[Listed records]
== Segment start ==
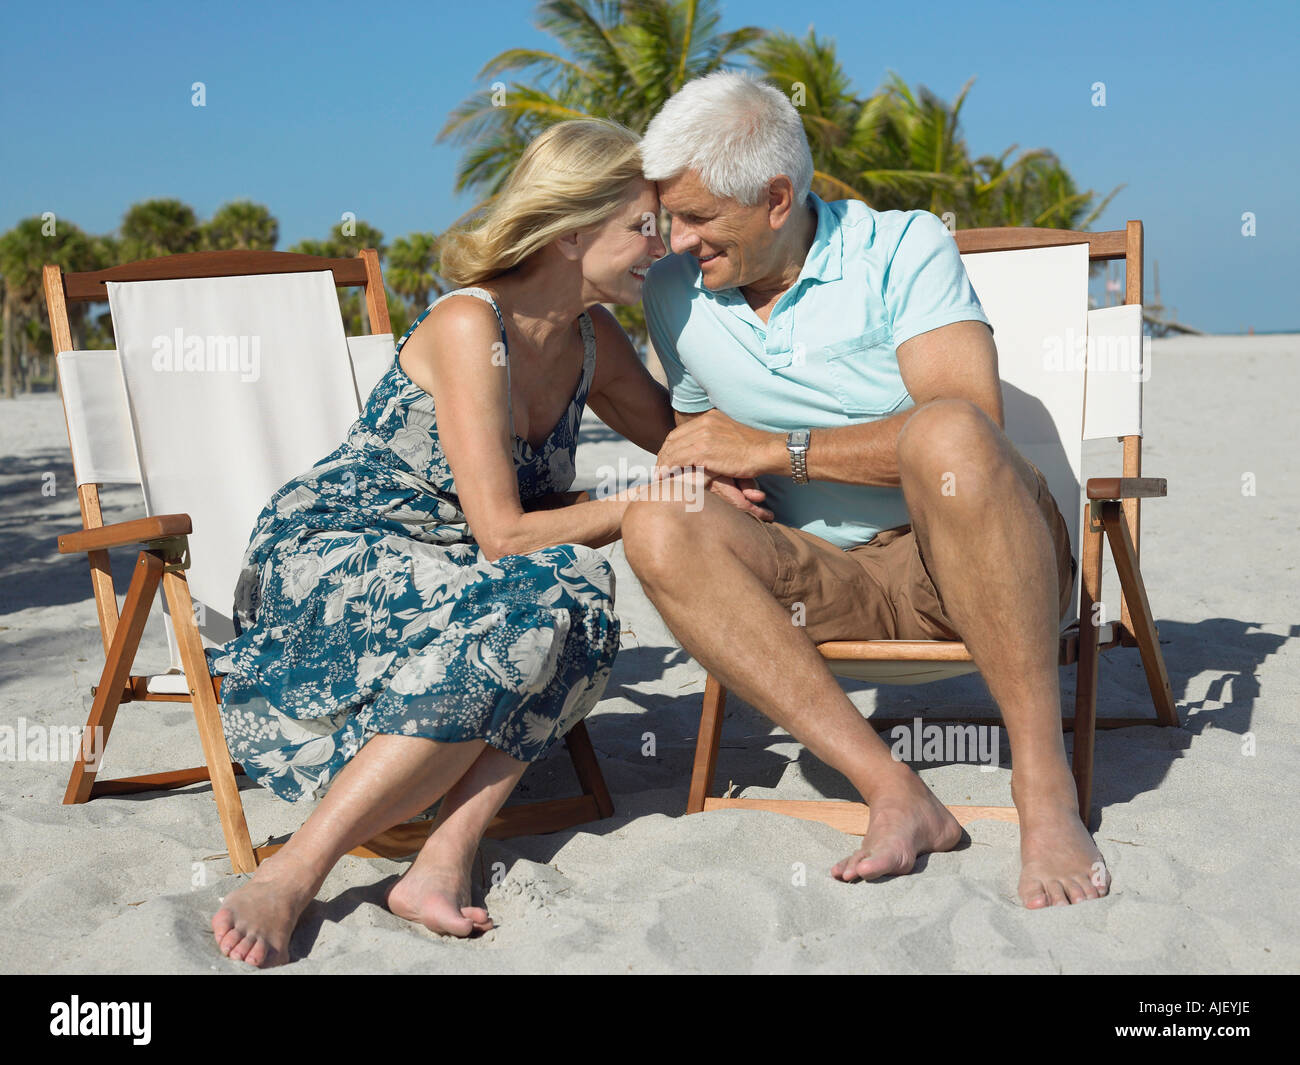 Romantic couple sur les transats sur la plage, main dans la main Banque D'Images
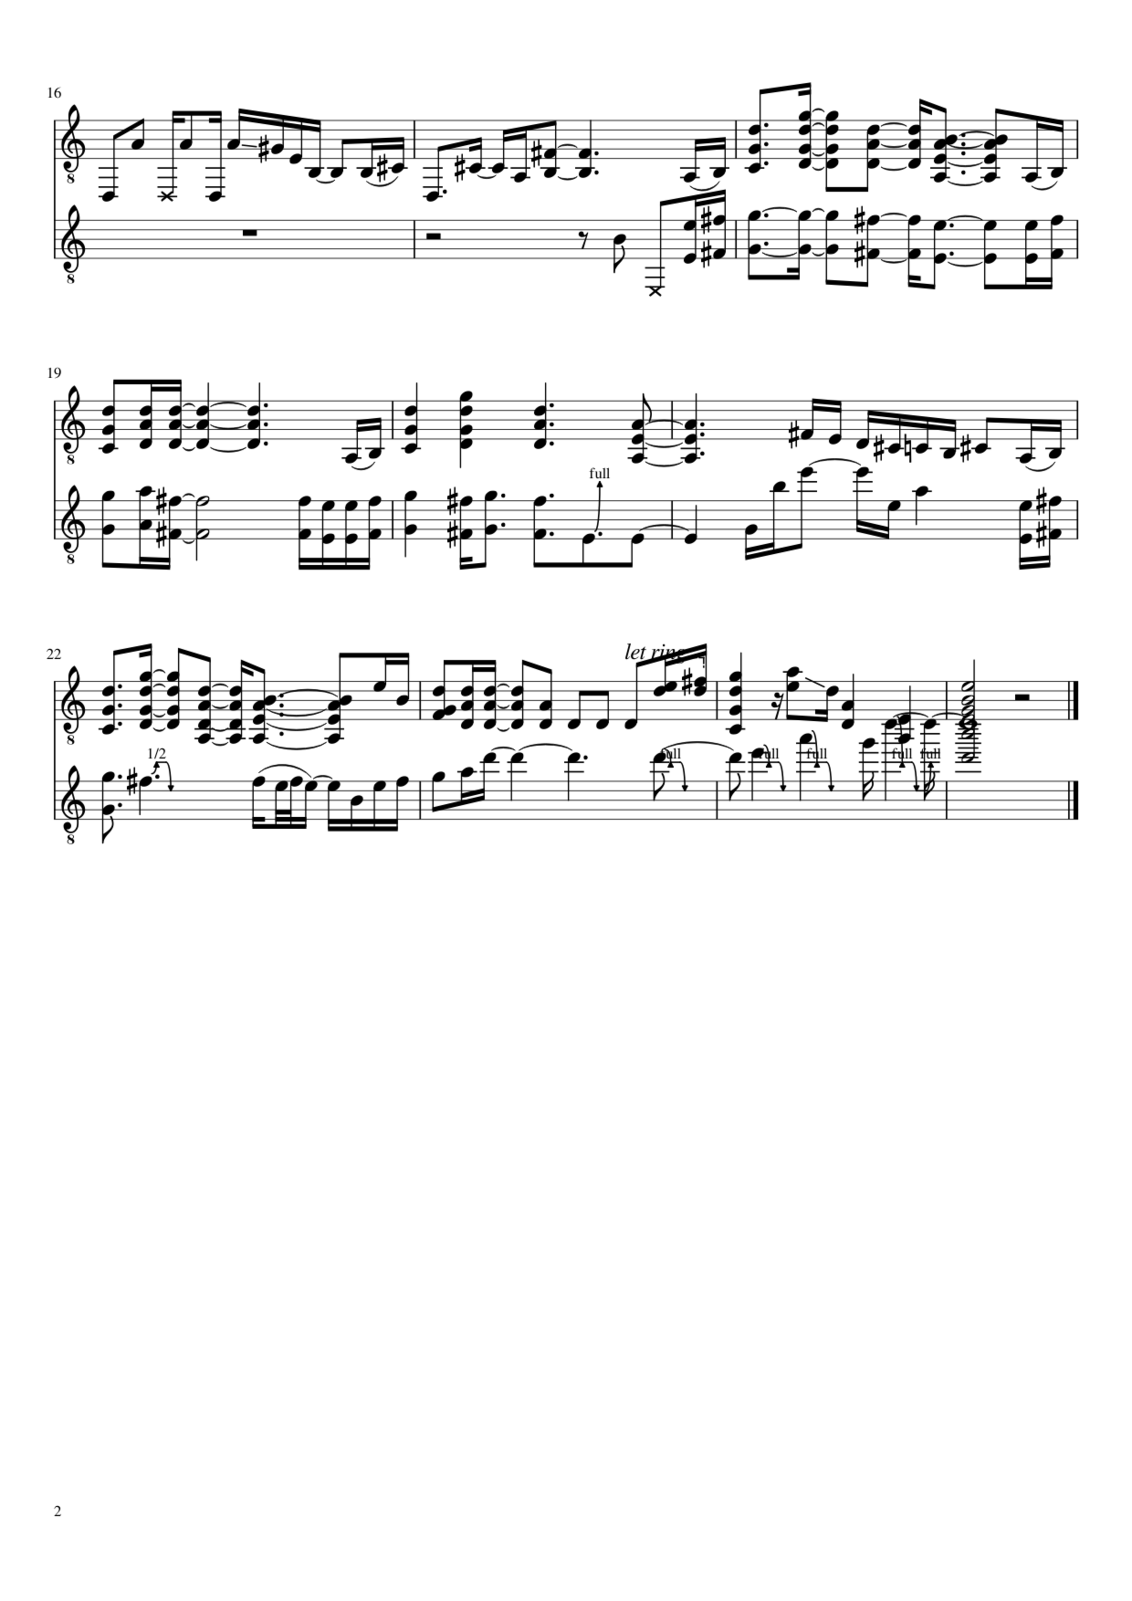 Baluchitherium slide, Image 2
== Segment end ==
== Segment start ==
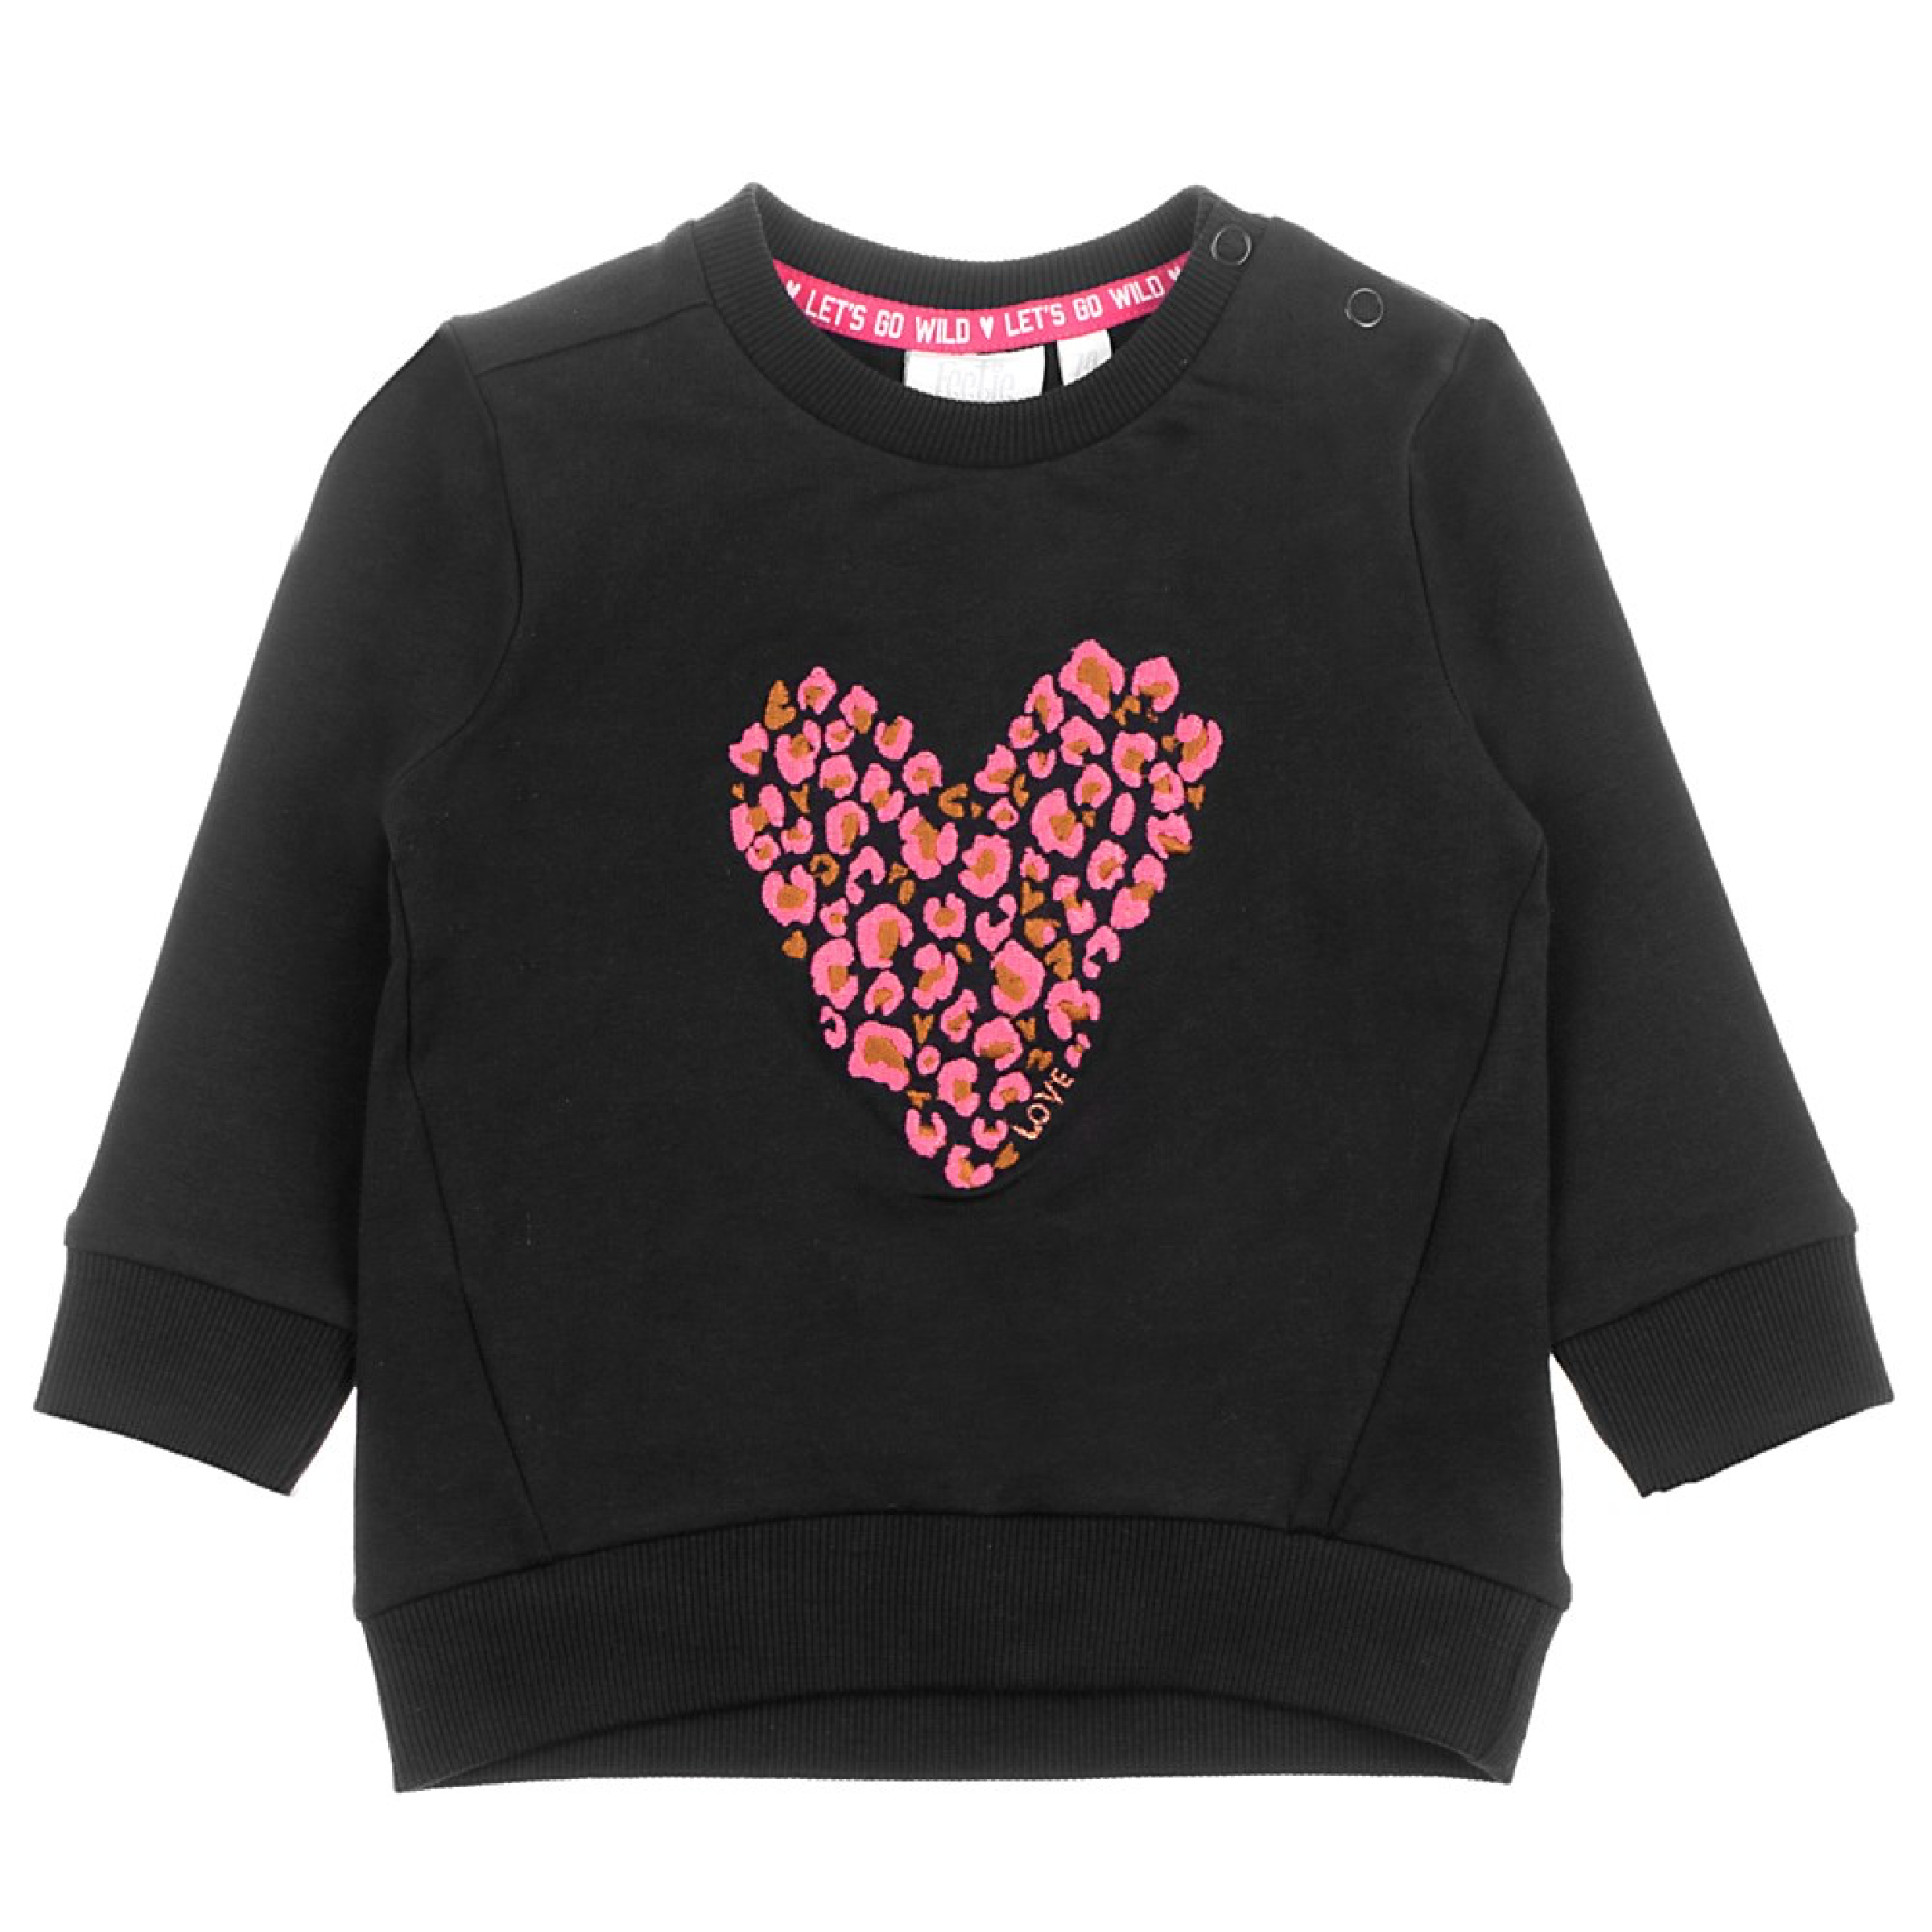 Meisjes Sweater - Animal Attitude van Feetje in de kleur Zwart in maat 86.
== Segment end ==
[Work request]
For this exercise, transcribe exactly the part of the records above that opens with the line containing "Romantic couple sur" and closes with the one containing "Baluchitherium slide, Image 2". Pictures are not part of the copy.

[Answer space]
 Romantic couple sur les transats sur la plage, main dans la main Banque D'Images
 Baluchitherium slide, Image 2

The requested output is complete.